Two years ago I wrote a post for What to Expect regarding my thoughts on becoming a mom of two.
And now here we are, 24 months later two kids under my belt and one in my belly, getting ready to meet us here in a few months and I'm going through some of those same thoughts.
Some of them. Not all. In ways I'm wiser. It's been two years since that post, almost two years since we added another child to our family and I've learned a lot in those two years.
So in some ways I'm prepared this time. I'm not concerned about our routine getting messed up, because we will find a new routine with our new baby brother. I'm not concerned about Eli and Annie adjusting because they will adjust. And just as it happens to me and Luke every time they will find themselves more in love with this new baby than they ever thought possible.
Sure he will annoy them at times, and they might be upset because life will be a little different at first and they will now share me with another sibling, which could take a bit to get used to, but it will happen. They will get used to it, and they will forget what life was like before. A new baby does that, it takes you by surprise in every way, the amount of love you feel and the way it takes history and almost erases it. The worries and concerns and fears you had before this baby come seem to disappear the moment that baby rests in your arms. It's like the magic of a new baby.
And after five years of being a mom I know I still have a lot (A LOT) to learn but I've also learned a lot through these last years.

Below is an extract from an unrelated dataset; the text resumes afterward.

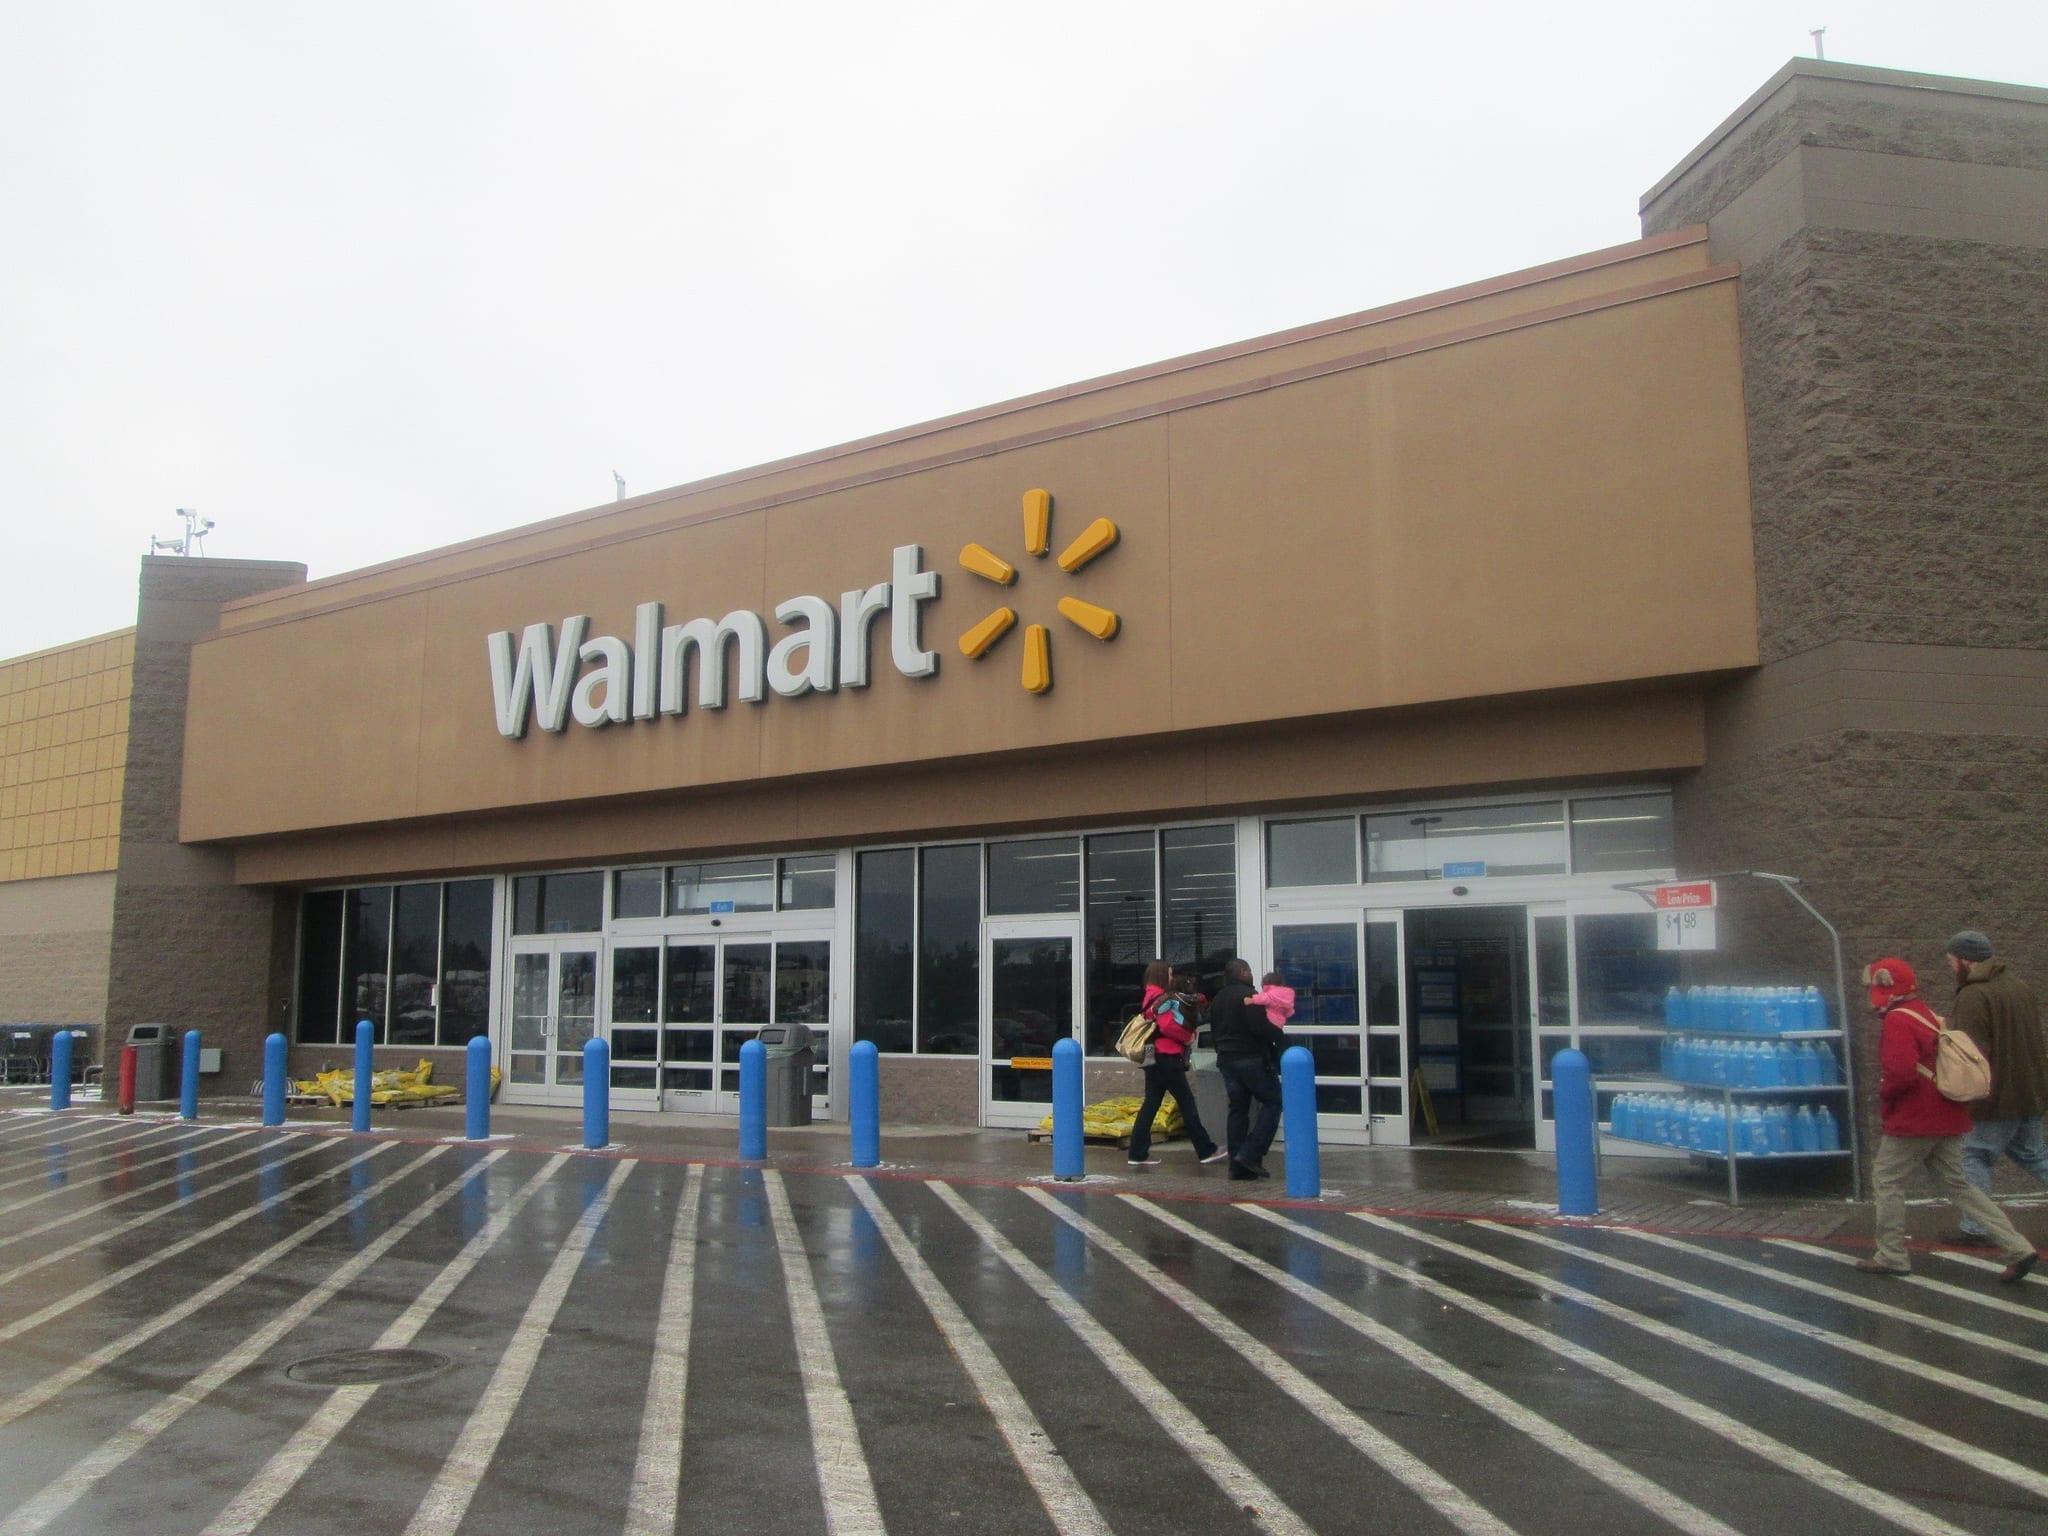 Walmart entrance; image by Random Retail, via Flickr, CC BY 2.0, no changes.

I've learned not to stress about what life will be like after the baby gets here. We will find our groove like we always do. Up and downs, highs and lows, together we weather it all.
I've learned to not obsess about my weight. I will lose it....eventually. And if it doesn't come off right away well I have the rest of my life to get it off. Right now I have babies that need a mama who loves herself for who she is - not one consumed with her appearance and how she "feels" in clothes.

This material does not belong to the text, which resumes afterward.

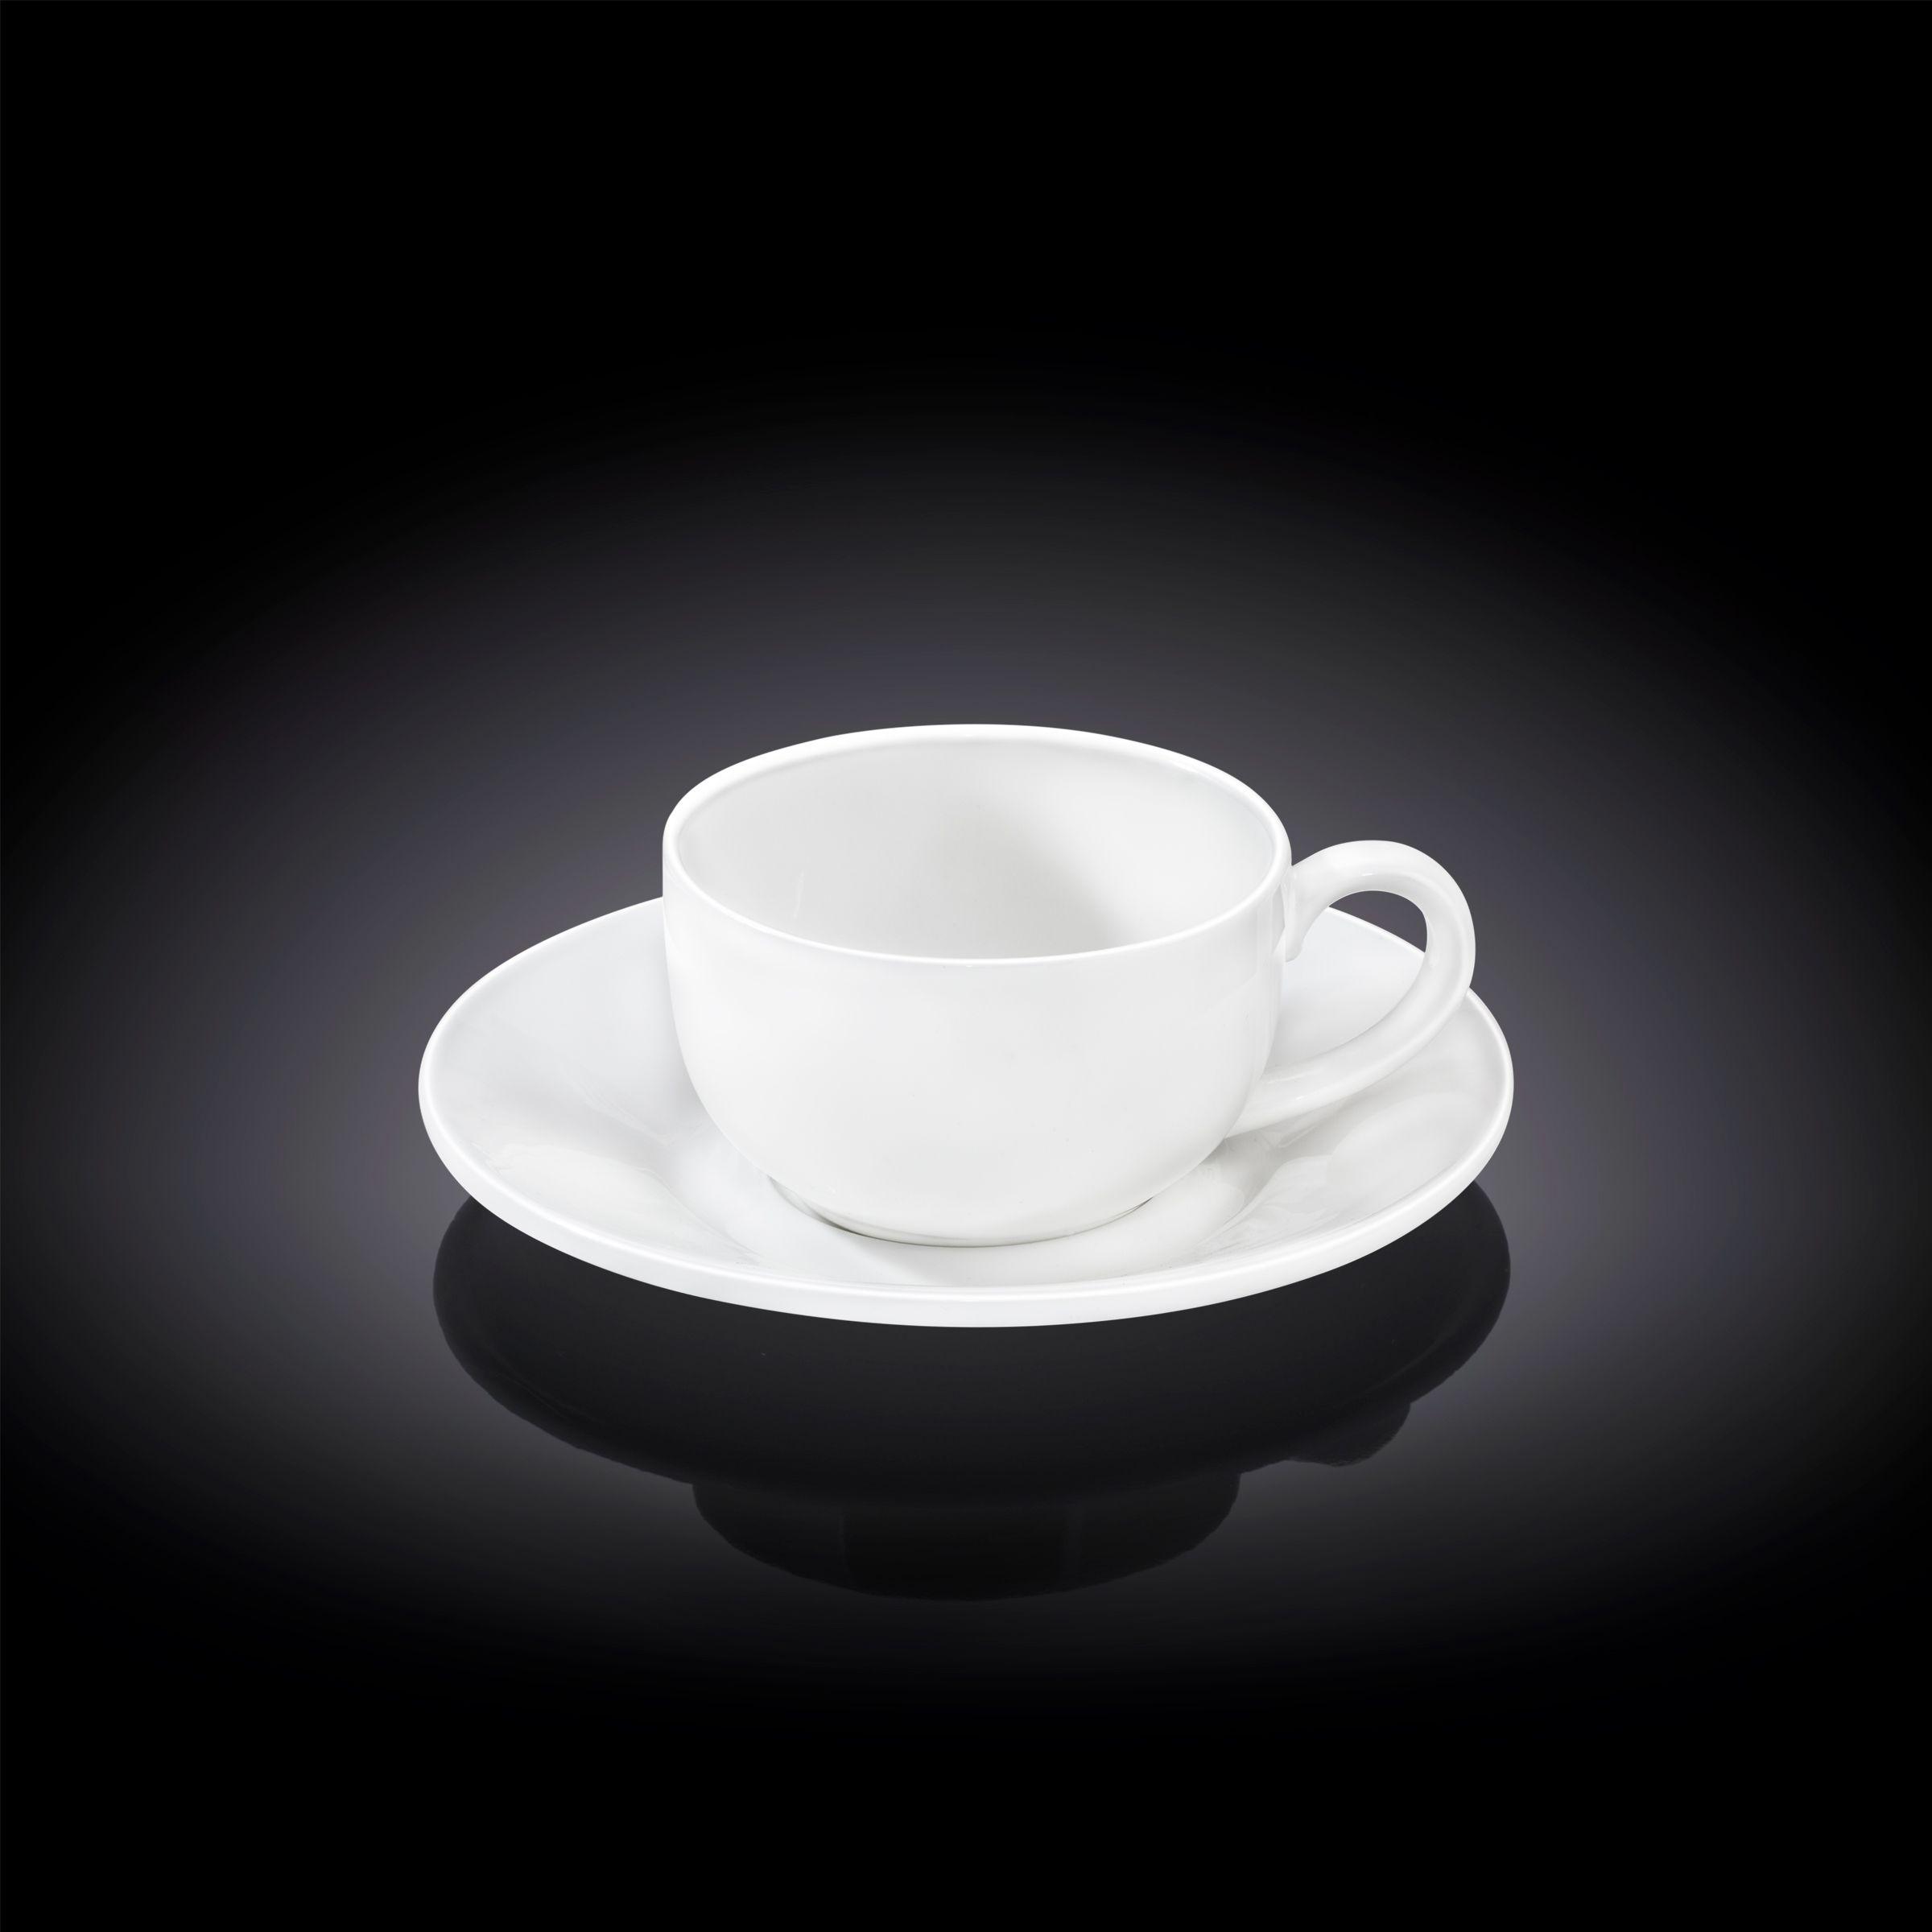 Набор чашка для кофе & блюдце 100 мл. Wilmax в инд. уп.

I've learned that I don't need a fully stocked, picture perfect nursery. Give me a cradle next to my bed, some diapers & wipes, a couple of baby gowns and good breast pads and we're good to go.
I've learned to not say things like "I will look cute when I deliver my baby" because then they come at the oddest times and I look like a hot mess.
I know I will sleep again.
And I will live outside of the "eats every 3 hours" increments again.
And most importantly I've learned that my heart can and will stretch, and when it seems I can't possibly love somebody else as much as I love Eli and Anniston I will find room in my heart and that love that caught me off guard the first two times will again find it's place. How is it possible to love another being so much? I have no idea but a mom's heart knows.